Abstract:
The aim of this study was to assess the adsorption of four non-steroidal anti-inflammatory drugs (NSAIDs), namely Paracetamol (PRC), Diclofenac (DIC), Ibuprofen (IBU), and Ketoprofen (KET), using both batch and continuous experiments with clay. Various analytical techniques, including XRD, FTIR, SEM coupled to EDX, and Zeta potential, were employed to characterize both raw and calcined clay. XRD and FTIR analyses confirmed the kaolinite nature of the clay. SEM data revealed a lamellar structure formed in the clay after calcination at 550 °C. Adsorption tests were conducted to determine the optimal adsorption conditions. Batch kinetics of adsorption demonstrated rapid adsorption of all four NSAIDs, with the highest adsorption occurring at pH 4 (DIC, IBU, and KET) and pH 6 for PRC, using a concentration of 20 mg L-1 of calcined clay. Additionally, the pseudo-second-order model provided the best fit for all NSAIDs adsorption processes.

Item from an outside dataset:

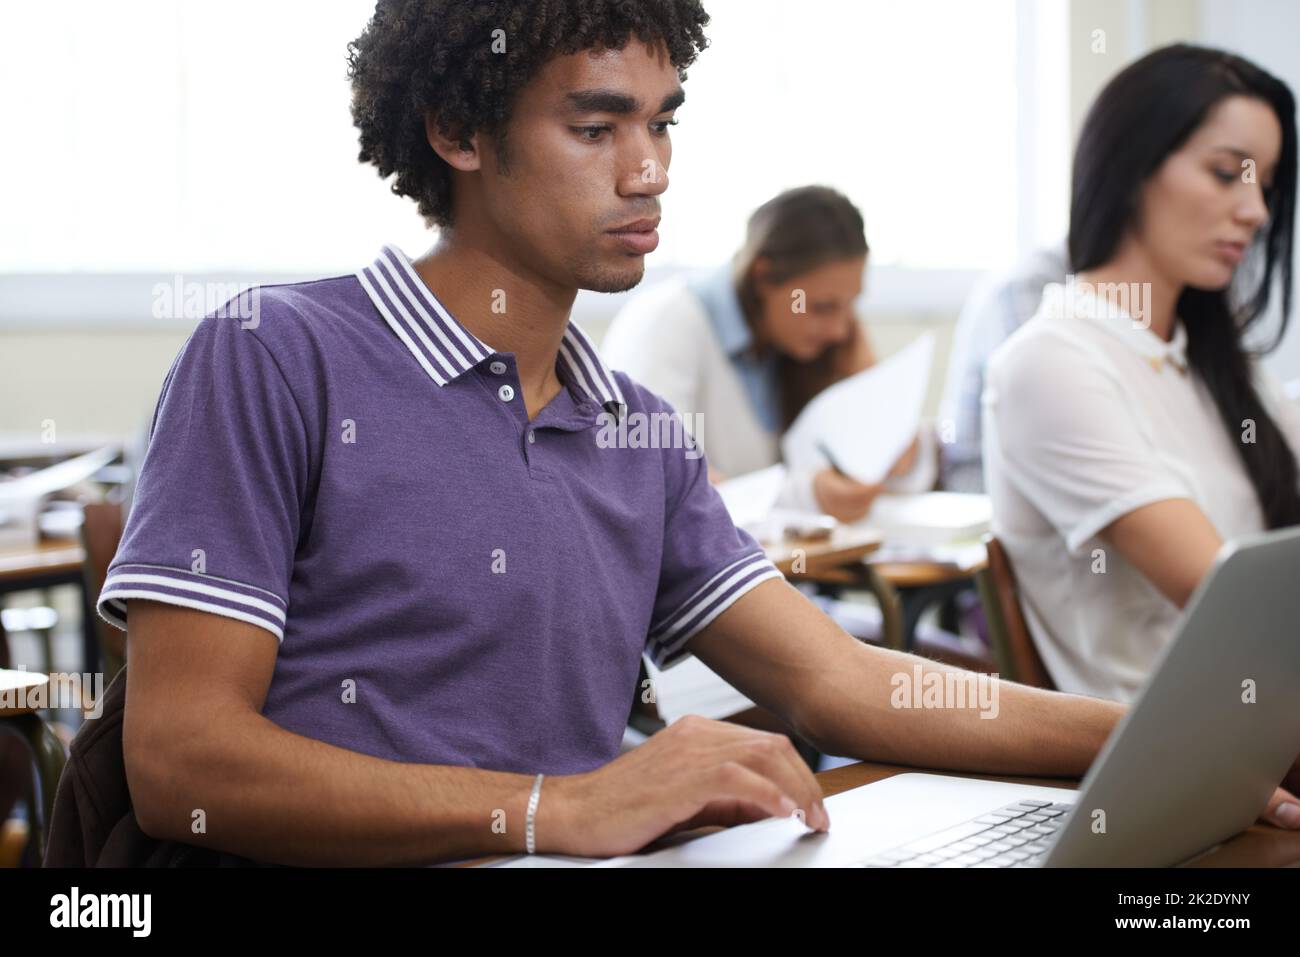 Eingetaucht in sein Projekt. Aufnahme einer Gruppe von Studenten, die im Unterricht an Laptops arbeiten. Stockfoto

Maximum adsorption capacities, as determined by the Langmuir model, were 80 mg g-1 for PRC, 238 mg -1g for DIC, 138 mg g-1 for IBU, and 245 mg g-1 for KET. In fixed bed column studies, three dynamic models (Thomas, Adams-Bohart, and Yoon-Nelson) were utilized to describe the breakthrough curves, with linear regression used to identify key characteristics for process design. The fixed bed column adsorption study revealed that DIC exhibited the highest removal efficiency at 98%, while KET, IBU, and PRC were more persistent, with removal efficiencies of 77.1%, 76.7%, and 67.1%, respectively. The Thomas model was deemed appropriate for describing the breakthrough curve. These findings offer valuable insights into the interactions between clay and pharmaceuticals with varying physicochemical properties. They also provide information on the adsorption models, saturation, and adsorption capacities of various pharmaceuticals on natural clays, which can be crucial for further research and environmental remediation efforts.
摘要:
这项研究的目的是评估四种非甾体抗炎药(NSAIDs)的吸附,即扑热息痛(PRC),双氯芬酸(DIC),布洛芬(IBU),和酮洛芬(KET),用粘土进行分批和连续实验。各种分析技术,包括XRD,FTIR,SEM与EDX耦合,和Zeta潜力,用于表征粗粘土和煅烧粘土。XRD和FTIR分析证实了粘土的高岭石性质。SEM数据显示在550°C煅烧后在粘土中形成层状结构。进行吸附试验以确定最佳吸附条件。批量吸附动力学证明了所有四种NSAIDs的快速吸附,在pH4时发生最高吸附(DIC,IBU,和KET)和PRC的pH6,使用浓度为20mgL-1的煅烧粘土。此外,伪二阶模型为所有NSAIDs吸附过程提供了最佳拟合。最大吸附能力,由朗缪尔模型确定,PRC为80毫克克-1,DIC为238mg-1g,138mgg-1用于IBU,KET为245毫克克-1。在固定床柱研究中,三个动态模型(托马斯,亚当斯-博哈特,和Yoon-Nelson)被用来描述突破曲线,线性回归用于识别工艺设计的关键特征。固定床柱吸附研究表明,DIC的去除率最高,为98%,而KET,IBU,中华人民共和国更加执着,去除率为77.1%,76.7%,和67.1%,分别。Thomas模型被认为适用于描述穿透曲线。这些发现为粘土和具有不同物理化学性质的药物之间的相互作用提供了有价值的见解。他们还提供有关吸附模型的信息,饱和度,以及各种药物对天然粘土的吸附能力,这对于进一步的研究和环境修复工作至关重要。